組換えHAポリペプチドをコードする核酸分子を含むベクターも本開示によって提供される。ベクターは、HAポリペプチドの発現のための任意の適切なベクター(哺乳動物発現ベクターなど)であり得る。特定の実施例では、ベクターはpTR600発現ベクターである(米国特許出願公開第2002/0106798号(本明細書中で参考として援用される);Rossら,Nat Immunol.1(2):102−103,2000;Greenら,Vaccine 20:242−248,2001)。
いくつかの例では、ベクターは、HAポリペプチドをコードする核酸配列に作動可能に連結したプロモーターを含む。特定の例では、プロモーターはCMVプロモーターである。
開示のベクターを含む単離細胞も提供する。いくつかの場合、細胞は、VLPの産生および発現に適切な任意の細胞型(哺乳動物細胞など)である。
本明細書中に開示の最適化したHAポリペプチドを含むインフルエンザVLPをさらに提供する。
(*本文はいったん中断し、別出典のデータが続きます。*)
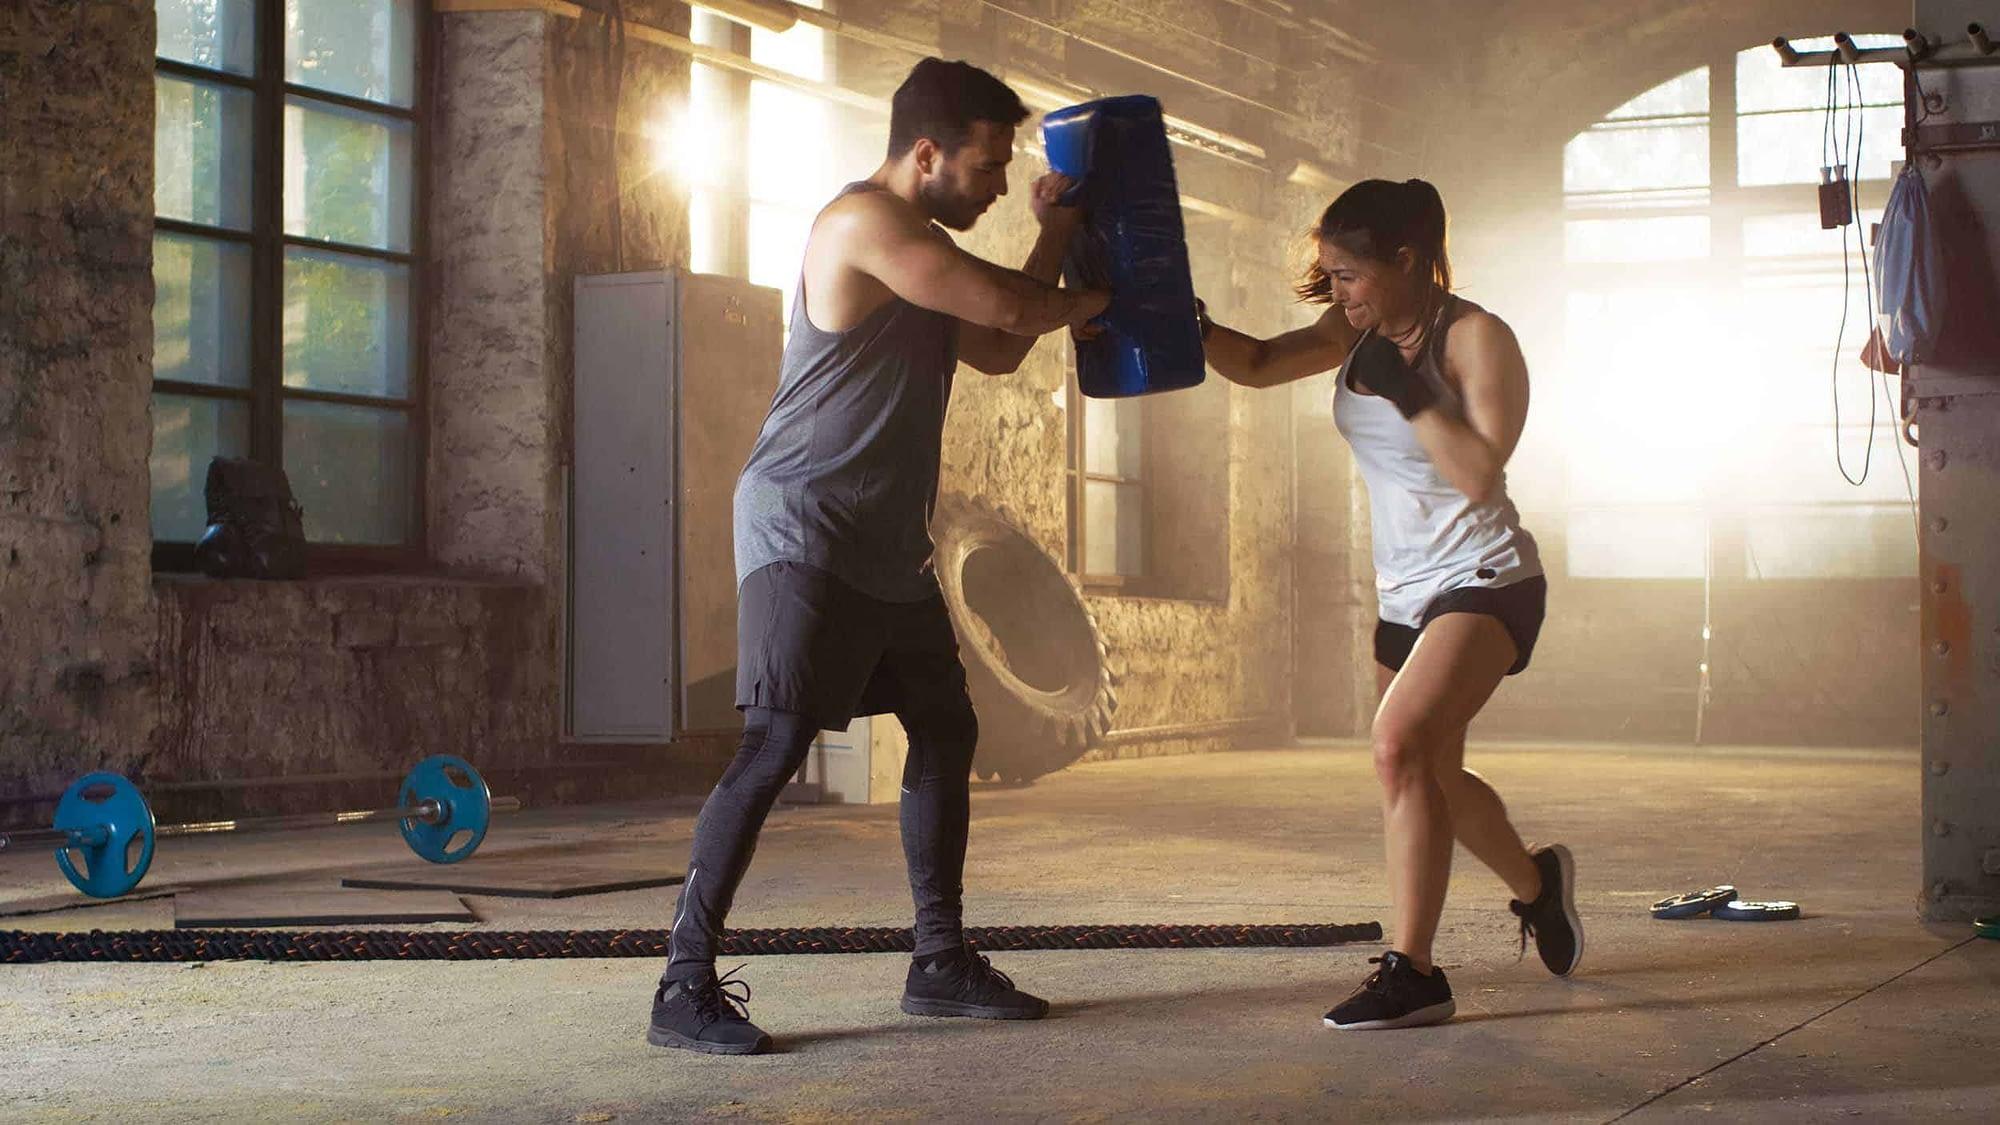 Boksen Eindhoven Essink fitness boksschool boks boksfit

インフルエンザVLPは、ウイルス粒子の形成に必要な任意のさらなるインフルエンザタンパク質をさらに含むことができる。いくつかの実施形態では、インフルエンザVLPは、インフルエンザノイラミニダーゼ(NA)タンパク質、インフルエンザマトリックス(M1)タンパク質、またはその両方をさらに含む。
HAポリペプチドをコードするベクター、インフルエンザNAタンパク質をコードするベクター、およびインフルエンザM1タンパク質をコードするベクターで宿主細胞をHA、M1、およびNAタンパク質を発現させるのに十分な条件下でトランスフェクトすることによって産生された、本明細書中に開示のインフルエンザHAポリペプチドを含むインフルエンザVLPも提供する。
最適化したインフルエンザHAポリペプチドを含む融合タンパク質を、本開示によってさらに提供する。
本明細書中に開示の最適化したインフルエンザHAタンパク質、または最適化したインフルエンザHAタンパク質を含む融合タンパク質もしくはVLPを含む組成物も本明細書中に提供する。いくつかの実施形態では、組成物は、薬学的に許容され得るキャリアおよび/またはアジュバントをさらに含む。例えば、アジュバントは、ミョウバン、フロイント完全アジュバント、生物学的アジュバント、または免疫賦活性オリゴヌクレオチド(CpGオリゴヌクレオチドなど)であり得る。
本明細書中に開示の最適化したインフルエンザHAタンパク質、最適化したインフルエンザHAを含む融合タンパク質、最適化したインフルエンザHAを含むVLP、またはその組成物を投与することによって被験体におけるインフルエンザウイルスに対する免疫応答を誘発する方法をさらに提供する。いくつかの実施形態では、インフルエンザウイルスはH3N2、H2N2またはBのインフルエンザウイルスである。いくつかの実施形態では、HAタンパク質、HA融合タンパク質、またはVLPを、任意の適切な投与経路(例えば、筋肉内、鼻腔内または経口など)を使用して投与することができる。いくつかの実施形態では、HAタンパク質、融合タンパク質、またはVLPを、薬学的に許容され得るキャリアおよび/またはアジュバントをさらに含む組成物として投与する。例えば、アジュバントは、ミョウバン、フロイント完全アジュバント、生物学的アジュバント、または免疫賦活性オリゴヌクレオチド(CpGオリゴヌクレオチドなど)であり得る。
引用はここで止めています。